The spectrum of lignin exhibited the structural complexity of this biopolymer. The wideband between 3500 and 3100 cm−1 was attributed to the stretching vibration of –OH groups; the bands at 2934 and 2846 cm−1 were associated with the stretching vibrations of C-H of methylene group, while the band at 1701 cm−1 was ascribed to the stretching vibration of C=O of ester groups. The band at 1608 cm−1 was attributed to the stretching vibration of C=C bonds in the aromatic ring [50,51,52]. Finally, the signals between 828 and 614 cm−1, are due to deformations outside the plane of the aromatic CH bonds, similar to reported by other authors [50,53].
In the spectra for LEBA15, the band corresponding of the –OH groups from the lignin not be solved, the intensity decreases because these groups probably react with short chains of monomers, causing the formation of the composite. The formation of bonds in the alcoholic and phenolic groups of lignin has already been reported by Dick et al. [54] in their work about chemical modification and grafting induced by lignin plasma in polyacid lactic acid. In this sense, Fuxiang et al., in various research works, shows that the decrease in the intensity of the band of –OH groups of lignin is the main mechanism of interaction for the incorporation of this with the polymer matrix of interest [29,55]; in this same sense, in this research, a decrease in the intensity of band of the –OH groups of lignin was observed and it is associated with its possible interaction with the acrylate groups of the copolymer (Scheme 1) for the formation of the composites, which is demonstrated by the decrease in the intensity of the band between 1740–1710 cm−1 typical of the acrylate for the LEBA15 composite (Figure 3).

3.3. DSC Analysis

The lignin, copolymer EBA, and LEBA composites were characterized by DSC to determine the glass transition temperature (Tg) (Figure 4). As seen, the Tg of the composites was slightly lower than the Tg of the pure copolymer and there seems to be no trend with respect to the lignin content. It is believed that the presence of lignin into the copolymer affected the mobility of the polymer chains [56,57], due to the intermolecular hydrogen bond between hydroxyl functional groups of lignin and the carbonyl groups of the copolymer [58].
However, in the composites LEBA15 and LEBA20 the relationship between S and BA was increased, causing the polymeric chains of these composites to be a little more flexible due to the increase in the BA [59].

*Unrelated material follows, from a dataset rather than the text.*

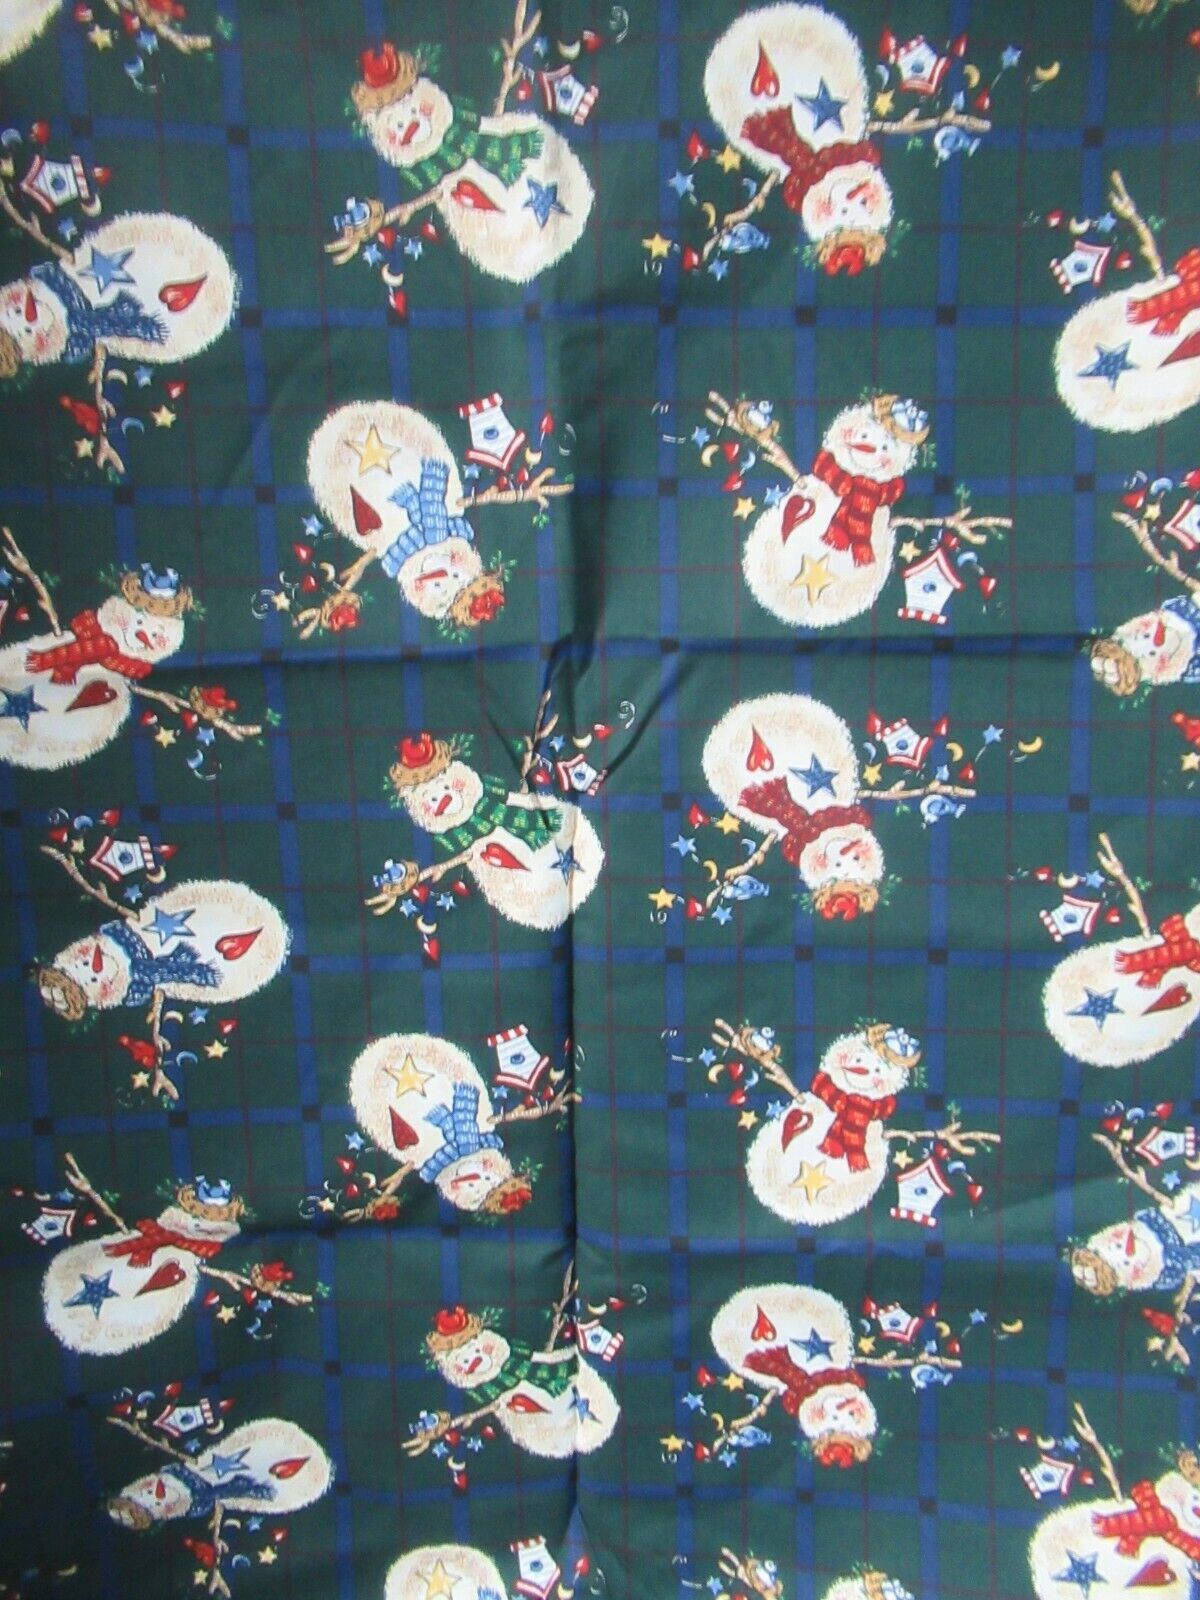 Vintage Ranking TOP19 Snowman W STICK ARMS BIRD HOUSES NEW FABRIC 1Y COTTON 44
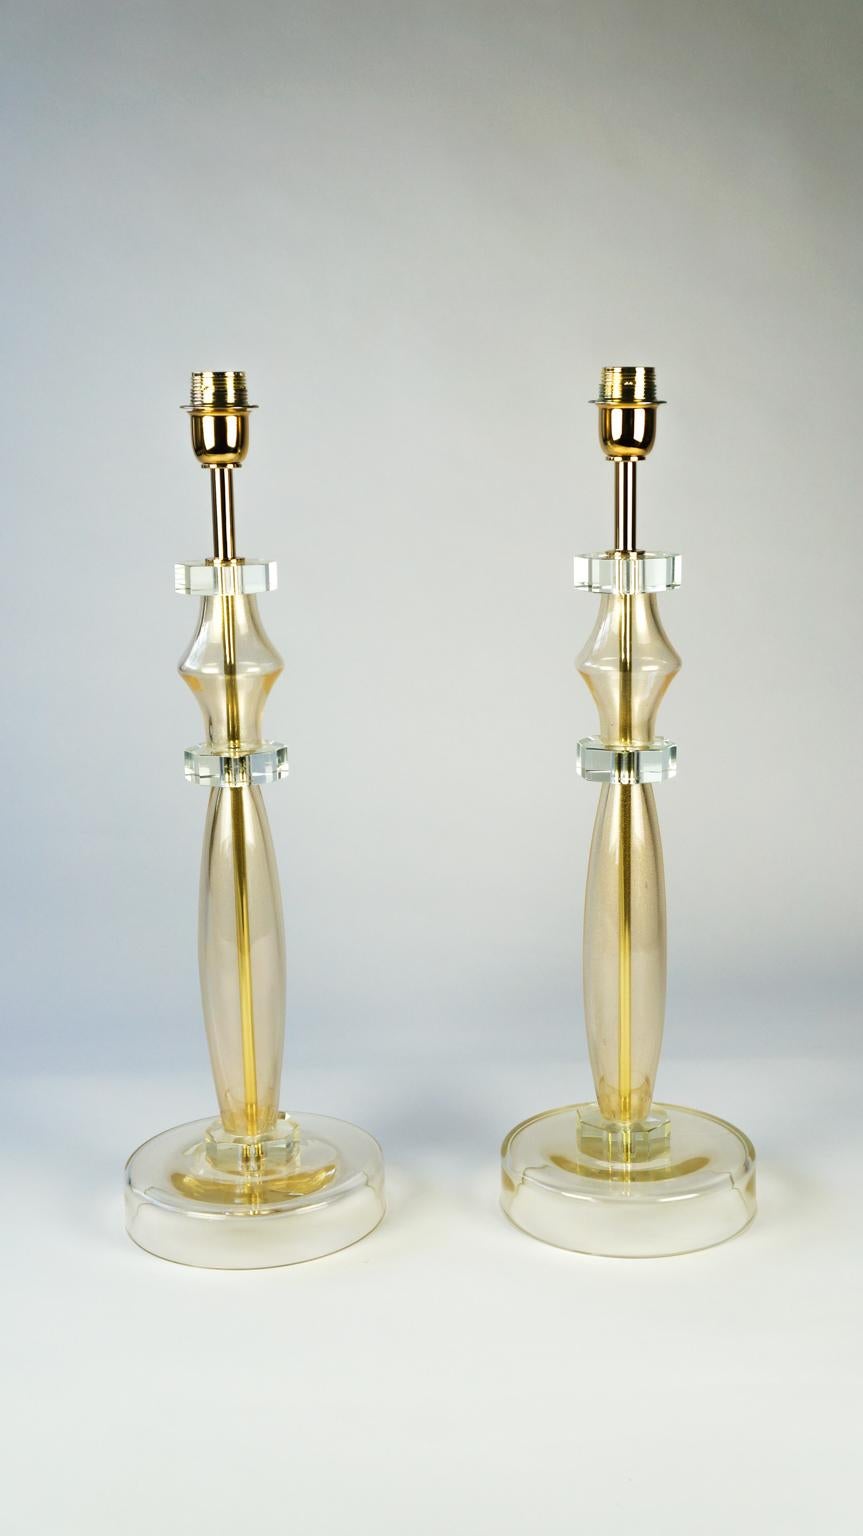 Donà Furnace Mid-Century Modern Gold Leaf Two of Murano Glass Table Lamps, 1978 For Sale 5

3.4. X-ray Diffraction Anlysis

Figure 5 shows the diffraction patterns for the composites, is observed that lignin and EBA did not exhibit any signal of sharp diffraction peaks, indicated that are amorphous materials. At low amount of lignin, the amorphous phase of the composite prevails. However, increasing the amount of lignin appeared peak at 26° on 2 theta for LEBA10 to LEBA20 on the XRD diffraction, because the interaction sites between the lignin and the copolymer are increased, this causes increased probability that the chains fit between gaps of lignin, which makes some structures form ordered aggregation.
However, the composite LEBA20 showed diffraction peaks at higher values of 2 theta, several authors which have already reported this kind of diffractograms to attribute the origin of this additional peak to a scattering signal related to the lateral groups of the same size and almost regularly spaced, this agrees with the fact that LEBA20 has the highest BA/St ratio [60], the main amorphous signal located around 20° results from the contribution of both the lignin and the copolymer chains, the disappearance or decrease in intensity of this signals for the intermediate BA/St ratio indicates a loss of this characteristic length, which may suggest that the grafted chains are rather composed of random copolymers.

3.5. 1H-NMR Analysis

By means of the 1H NMR characterization of the LEBA 15% composite, a direct comparison was achieved with the 1H NMR spectrum of Lignin, where we were able to assign different characteristic signals of the material (Figure 6).
Due to their complex structure, lignins present equally complex spectra; however, they maintain a characteristic pattern. The most common functional groups present in lignins are the methoxy group (Ar–O–CH3), various types of ethers (R–O–R, Ar–O–R, Ar–O–Ar), aldehydes (R–H–C=O), phenols (Ar–OH) and aliphatic alcohols (R–OH), among several others. Figure 5 shows the spectrum of the LEBA15 composite. Two signals appear in the spectrum, one in 2.4 ppm and another in 3.35 ppm, the first corresponds to the DMSO signal used as the solvent and the second to the trace of water contained in the DMSO. In the area close to 10 ppm, a small group of signals is observed, which has been related to protons in benzaldehyde groups [61]; a more prominent set of signals between 6 and 9 ppm was attributed to protons of aromatic OH groups in syringyl (S) and guaiacyl (G) units; at 3.75 ppm appears a multiplet attached to the protons of methoxy groups related to S and G units; the signals between 0.6 and 1.25 ppm correspond to the protons of the aliphatic groups. Two doublets are also observed at 5.25 and 5.8 ppm, which are characteristic of protons in unsaturated groups (C=C). Unlike Lignin, which does not have double bonds in its structure. Once it is coupled with styrene and butyl acrylate, it can be observed in 5.25 ppm a doublet with a coupling constant of J = 15.5 Hz, in 5.80 another doublet with a coupling constant of J = 9.5 Hz which means the presence of two isomers of configuration (E) and (Z), this may be due to the conformational arrangement of the functional groups that lignin presents within its macrocyclic polymer structure. On this type of signals, the literature indicates that they usually occur in arrangements of type β-O-4 [62], remnants of the biopolymerization of monolignols [63].
This set of signals is in agreement with spectra reported in the literature for lignins [61]. With respect to the copolymer, the signals of the repeating units of styrene and butyl acrylate appear to be masked by those of lignin since in most cases the protons are coincident. However, we can mention the multiplet (two double of doubles) at 6.75 ppm observed in polystyrenes and the set of signals between 7.25 and 7.5 ppm attributed to the aromatic ring protons; however, aromatic groups in lignin also occur in this area. As for the repeating units of butyl acrylate, they are not clearly observed, probably due to the low content of this monomer in the composite.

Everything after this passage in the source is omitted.